Она посмотрела на него с большой нежностью:
– Полагаю, для вас естественно любить свой дом. Боюсь, что я свой не слишком жалую. Я была здесь так долго такой незначительной. Мисс Ченселлор просто поглотила меня – без сомнений. Но мне жаль, что я не была с ней сегодня.
Рэнсом не ответил на это. Он не мог сказать мисс Таррант, что если бы она там была, то он не встретился бы с ней.

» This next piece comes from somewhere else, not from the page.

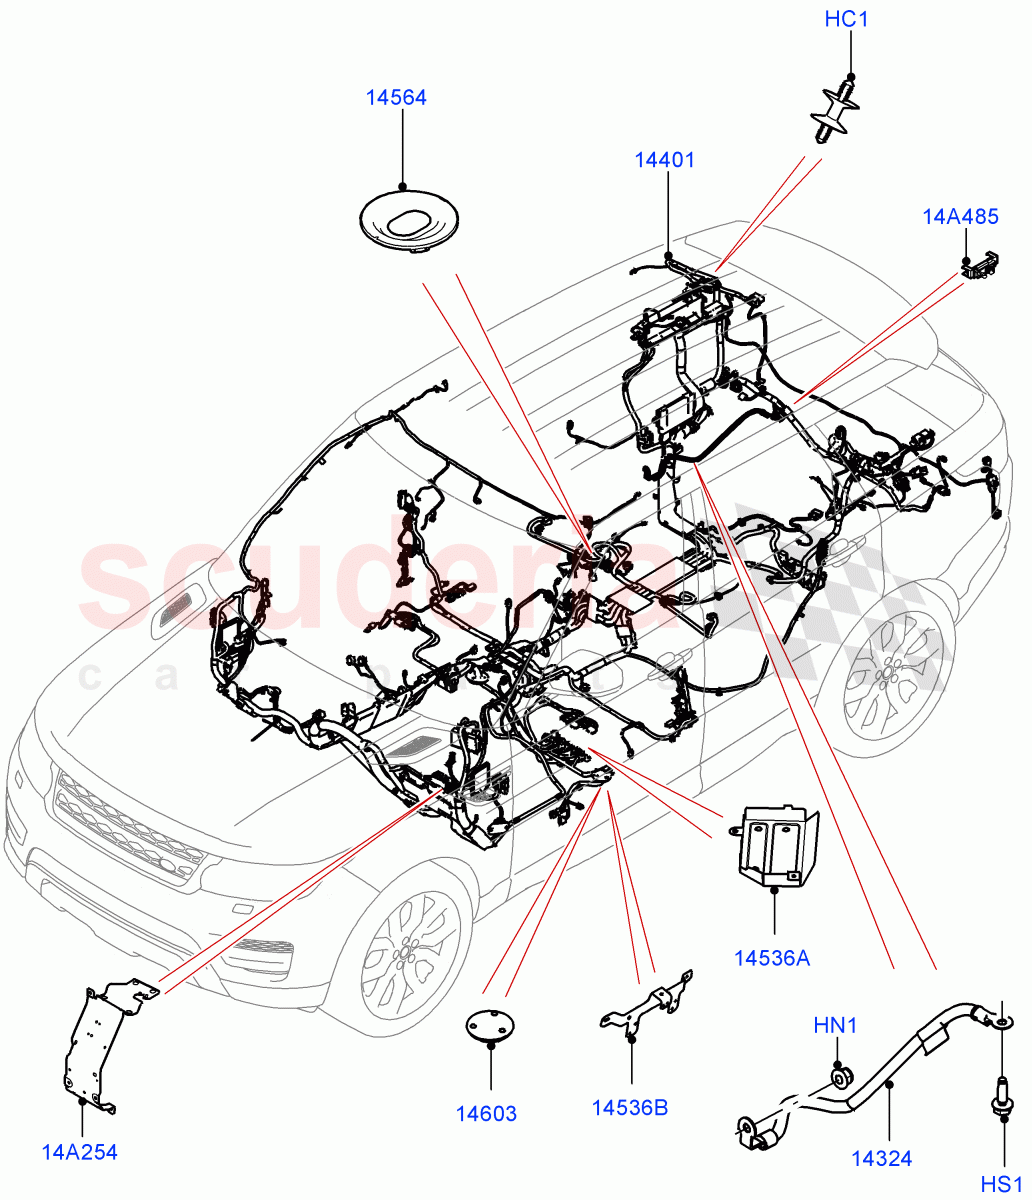 Electrical Wiring - Engine And Dash(Main Harness)((V)FROMFA000001,(V)TOFA999999) of Land Rover Land Rover Range Rover Sport (2014+) [3.0 Diesel 24V DOHC TC]
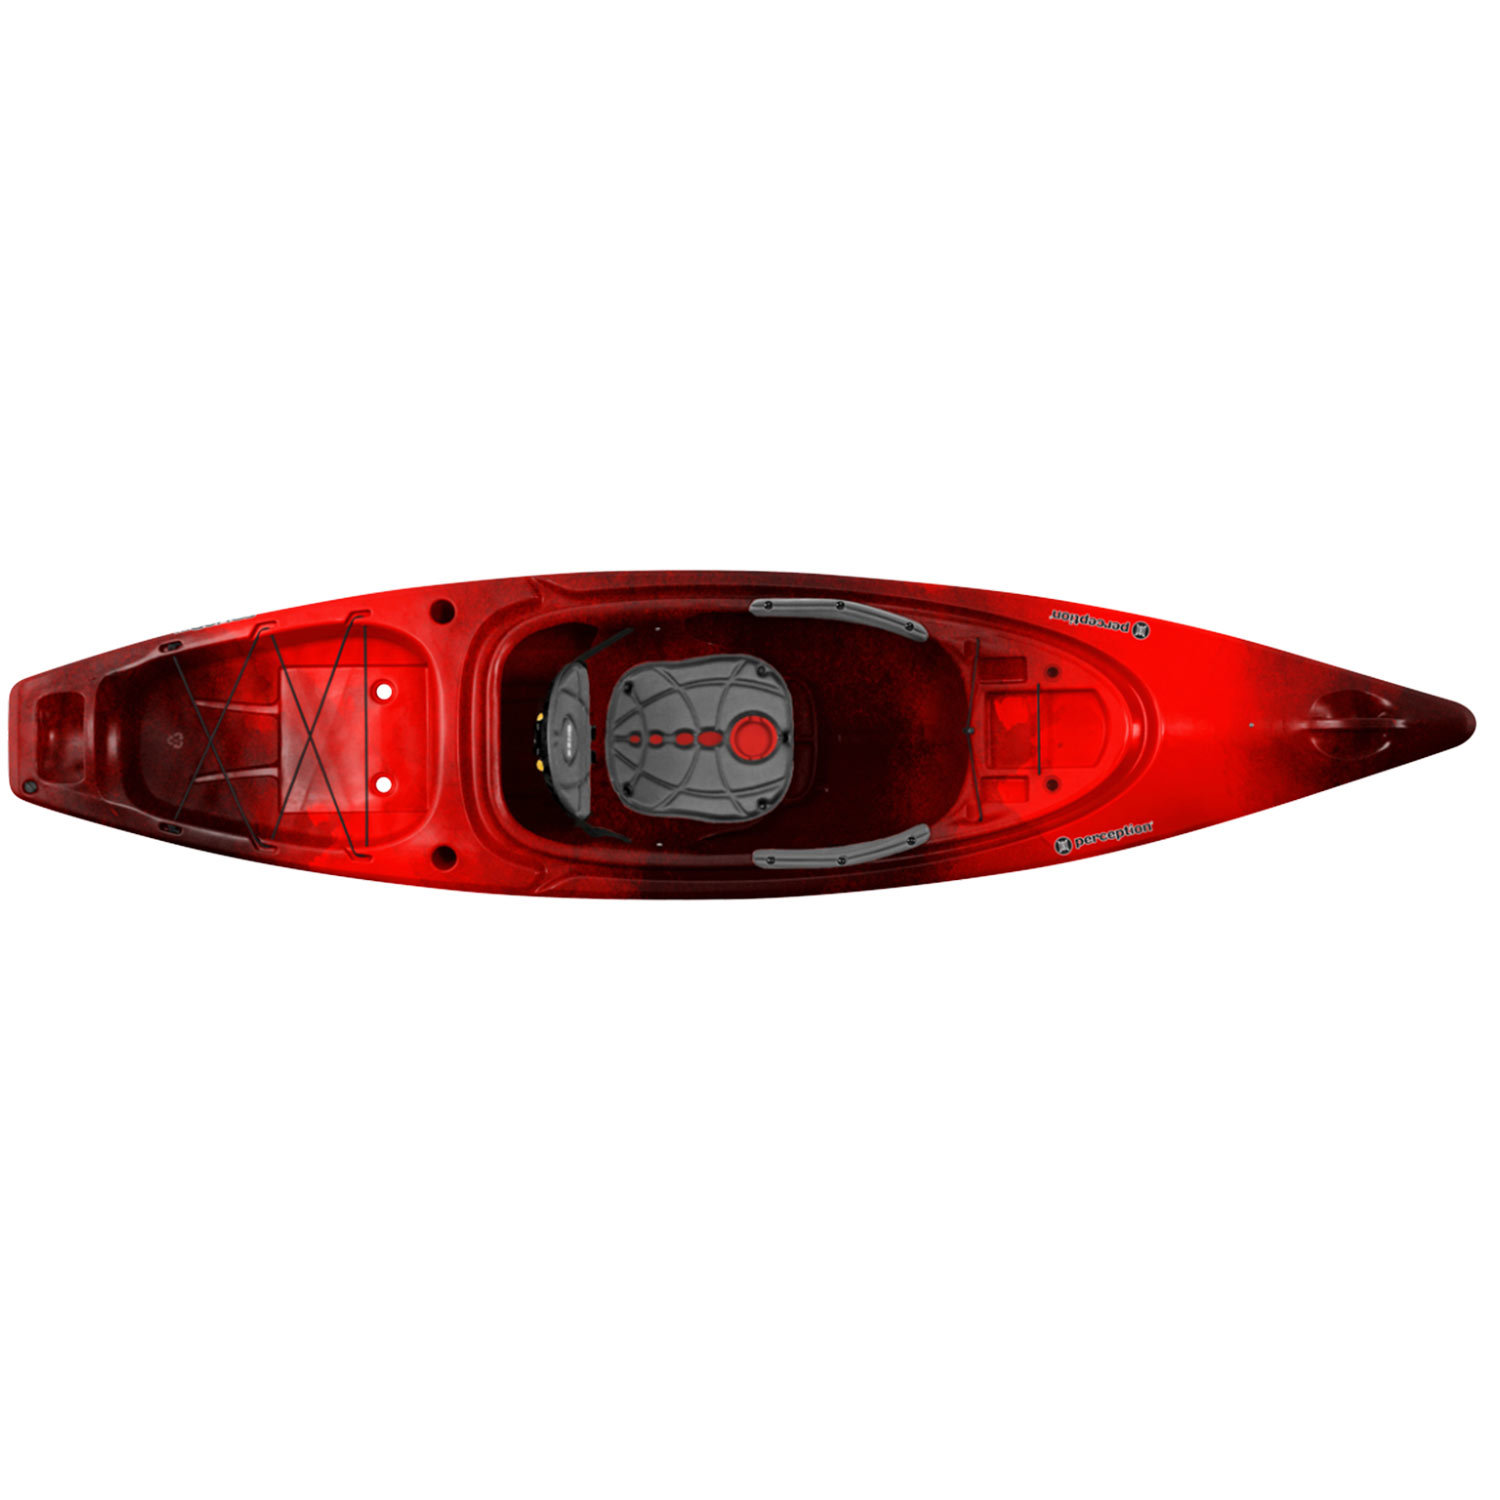 Perception Sound 10.5 | Sit Inside Kayak for Fishing and Fun | Two Rod  Holders | Large Rear Storage | 10' 6

Это вовсе не означало, что он был неспособен на лицемерие, так как после того как она спросила, виделся ли он со своей кузиной прошлым вечером, и он ответил, что вовсе с ней не виделся, и она на это воскликнула так прямодушно, что даже сама покраснела: «Ах, только не говорите, что вы так и не простили её!» – после всего этого он с самым невинным видом поинтересовался:
– Не простил за что?
Верена ответила, всё больше краснея от своих слов:
– Ну, я видела, что она чувствовала тогда, в её доме.
– Что она чувствовала? – спросил Бэзил Рэнсом с характерной для мужчин провокационностью.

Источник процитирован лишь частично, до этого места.